Traveling around Europe and Great Britain is simple thanks to a network of fast and efficient trains and plenty of low-cost airlines. But if you really want to slow down, see the countryside and explore more deeply, renting a car is the only way to go.
I have fond memories zooming thorough the Irish countryside in a fabulous rental car (semi-automatic). Enamored by the lush green colors, dramatic ocean-side cliffs and charming farms and villages, I blindly followed my GPS.
It was only when I realized that the road I was on was becoming much too narrow for vehicles, and my only companions on this road were sheep, did I take my eyes off the scenery to focus on properly reaching my destination.
Once I got my bearings, I realized getting lost is sometimes part of the adventure. The scenery was well worth the diversion in this case.
If you're planning on renting a car in Europe, here are a few things to keep in mind.

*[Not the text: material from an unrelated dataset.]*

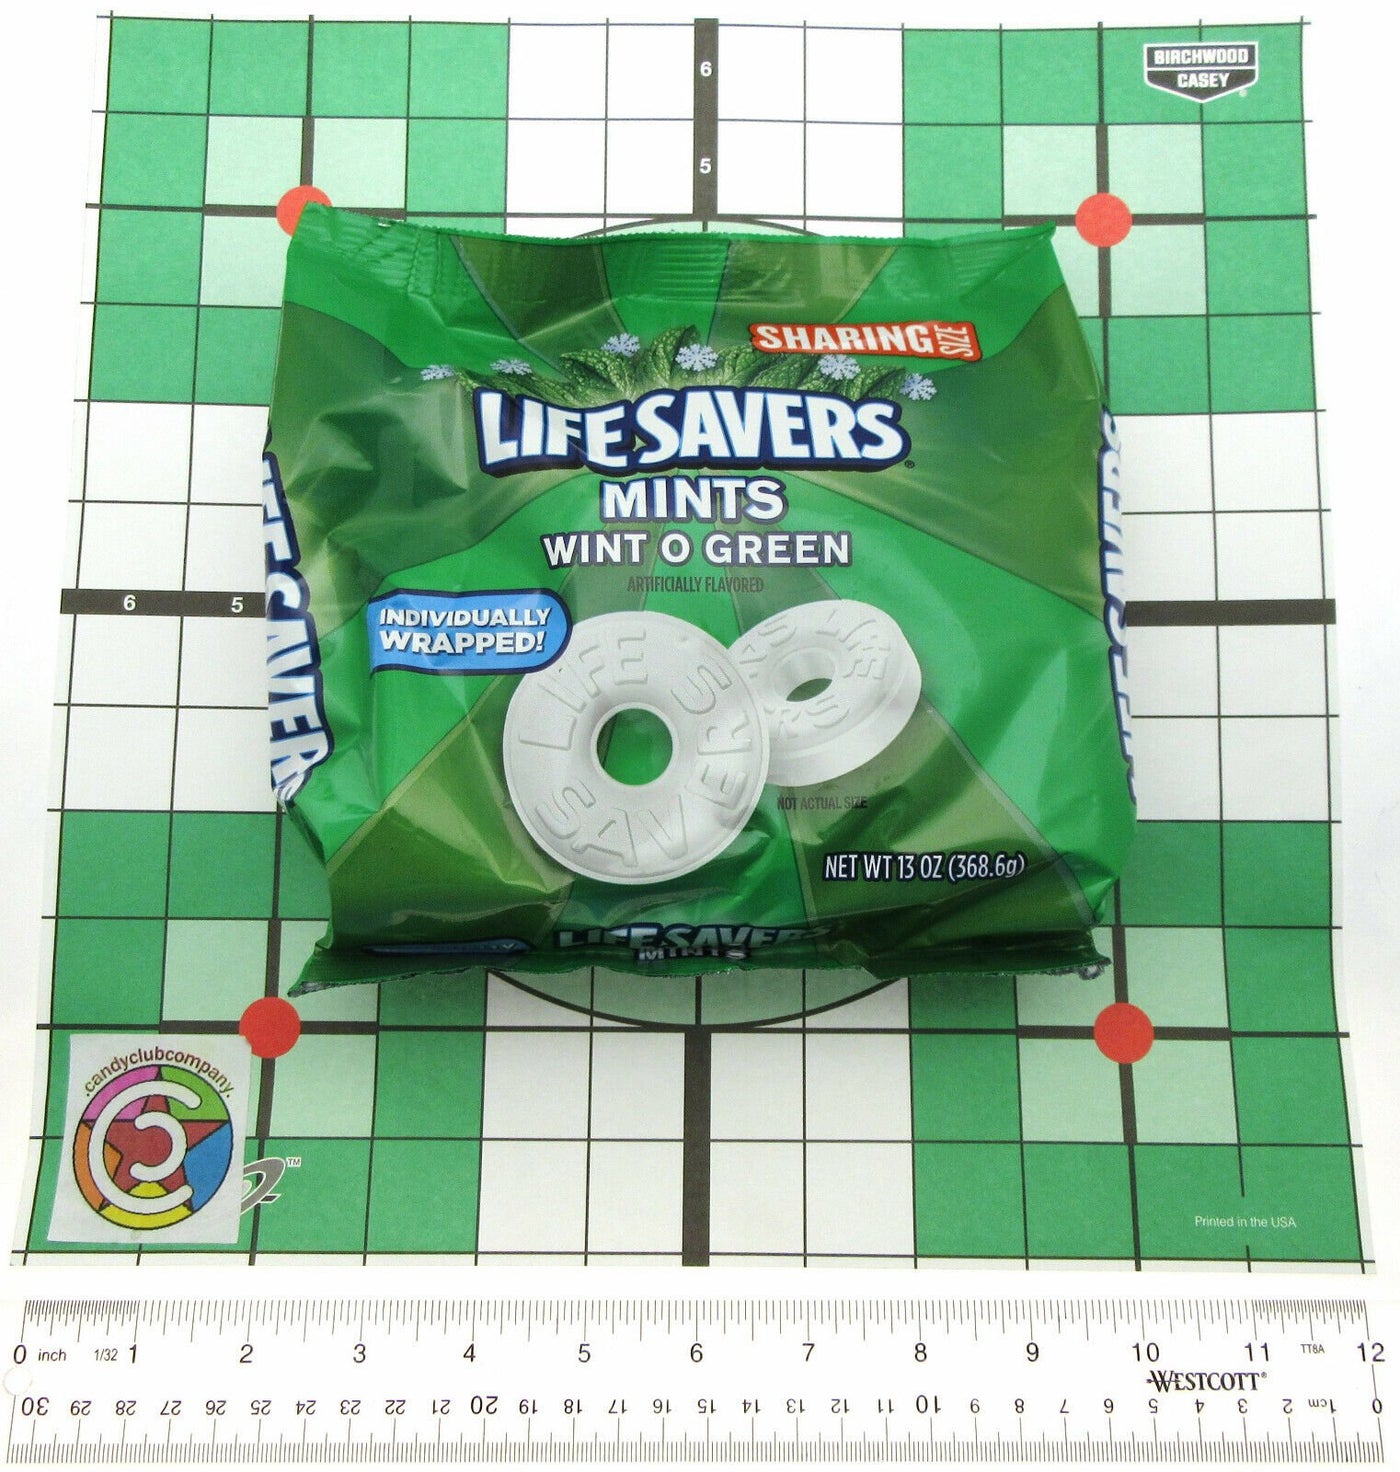 Lifesavers ~ Wint O Green Mint ~ Individually wrapped Hard candy ~ 13oz Bag

Pay Attention to Insurance
Most auto insurers offer a basic RTA (Road Traffic Accident) level of protection. Consider purchasing incremental insurance through a local car insurance company like Lancaster Insurance. In the event you need to make a claim, a company with knowledge of the local market will ensure a speedy and positive response.

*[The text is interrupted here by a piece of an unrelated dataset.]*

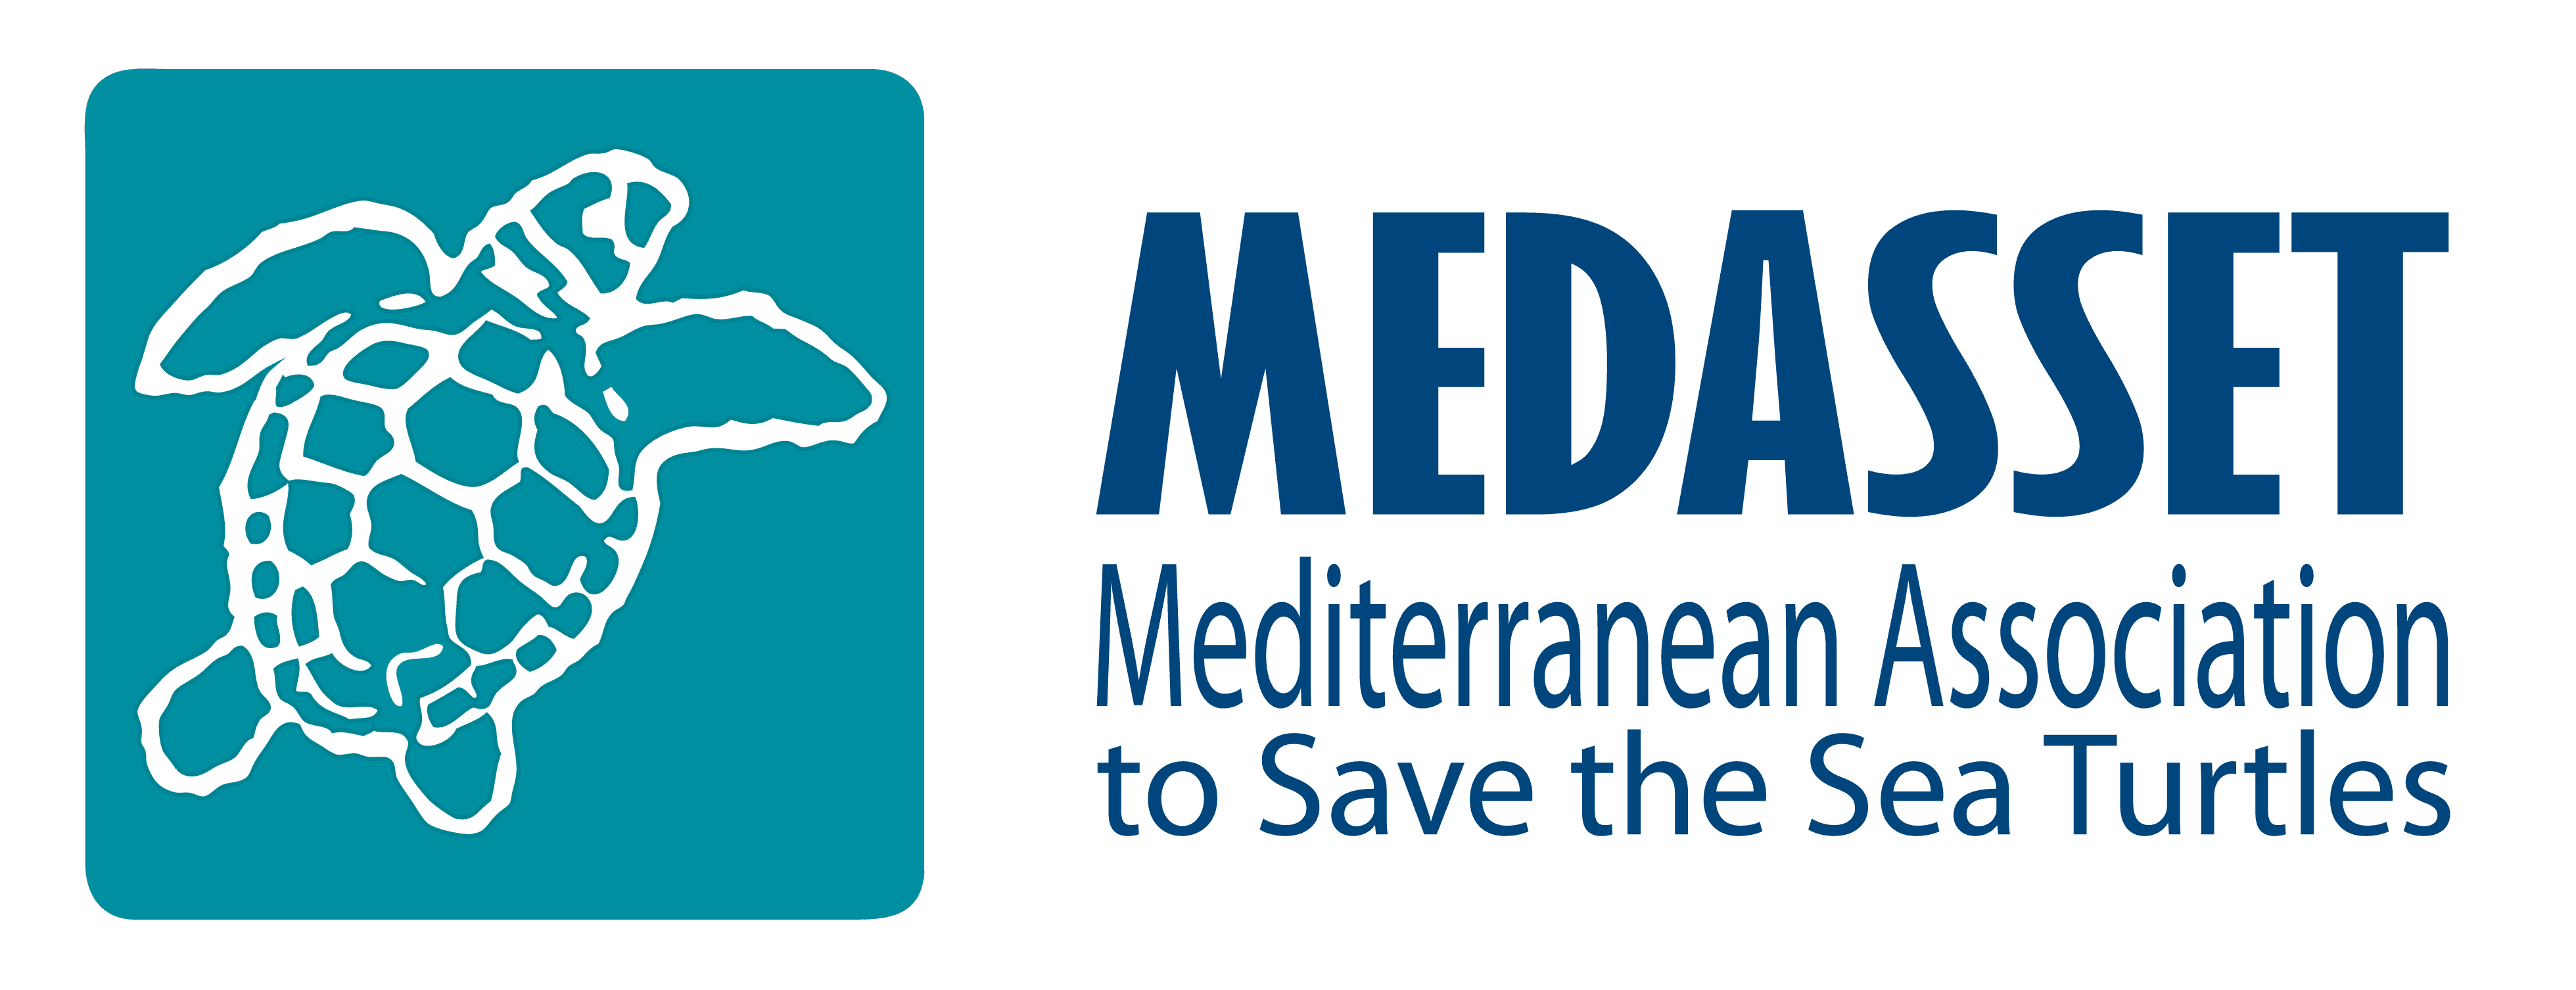 Medasset-logo

And if you're a British citizen, don't travel without your green card. British motorists traditionally need a Green Card document as proof, as their insurance coverage overseas. To avoid any difficulties on your trip, it is highly recommended that you do carry your Green card no matter what country you travel to.
Be Sure to Consider All Costs Not Just Base Quote
When shopping around for rental cars in Europe, be sure to go beyond simply comparing initial price quotes from the typical sites of Expedia, Kayak or CAA. Consider which company quotes the best combination of rates, including all fees and any extras you may need, service, and pickup and drop-off locations for your trip. Don't forget to check office hours for pickup and drop-off, as many car rental agencies inexplicably work with limited hours.
European cars are rented in 24-hour periods, so think carefully about selecting your pickup and drop-off times. For example, if you pick up the car at 9 a.m. on the first day and drop it off at 11am on the last day, you'll be charged a whole day's rental for just those last two hours.
I generally find a wider choice of pickup and drop-off locations when booking through a larger company. The two major Europe-based rental car agencies include Europcar and Sixt. With these companies, if something comes up with your car a local office and a replacement car are more likely to be nearby.
Choose the Right Car for the Best Experience
In Europe, you can expect most cars to have manual transmission, less passenger room and minimal trunk space. Cars with automatic transmission are more expensive, usually by as much as 50 percent more, and may only be available if you upgrade to a bigger, pricier car.
To avoid the extra cost, I'd suggest brushing up on your shifting skills and go with the manual transmission option. Not only will this save you money, but also larger cars are not as easy to maneuver on Europe's winding, narrow roads, as I found out trying to park my car in a Dublin Garage.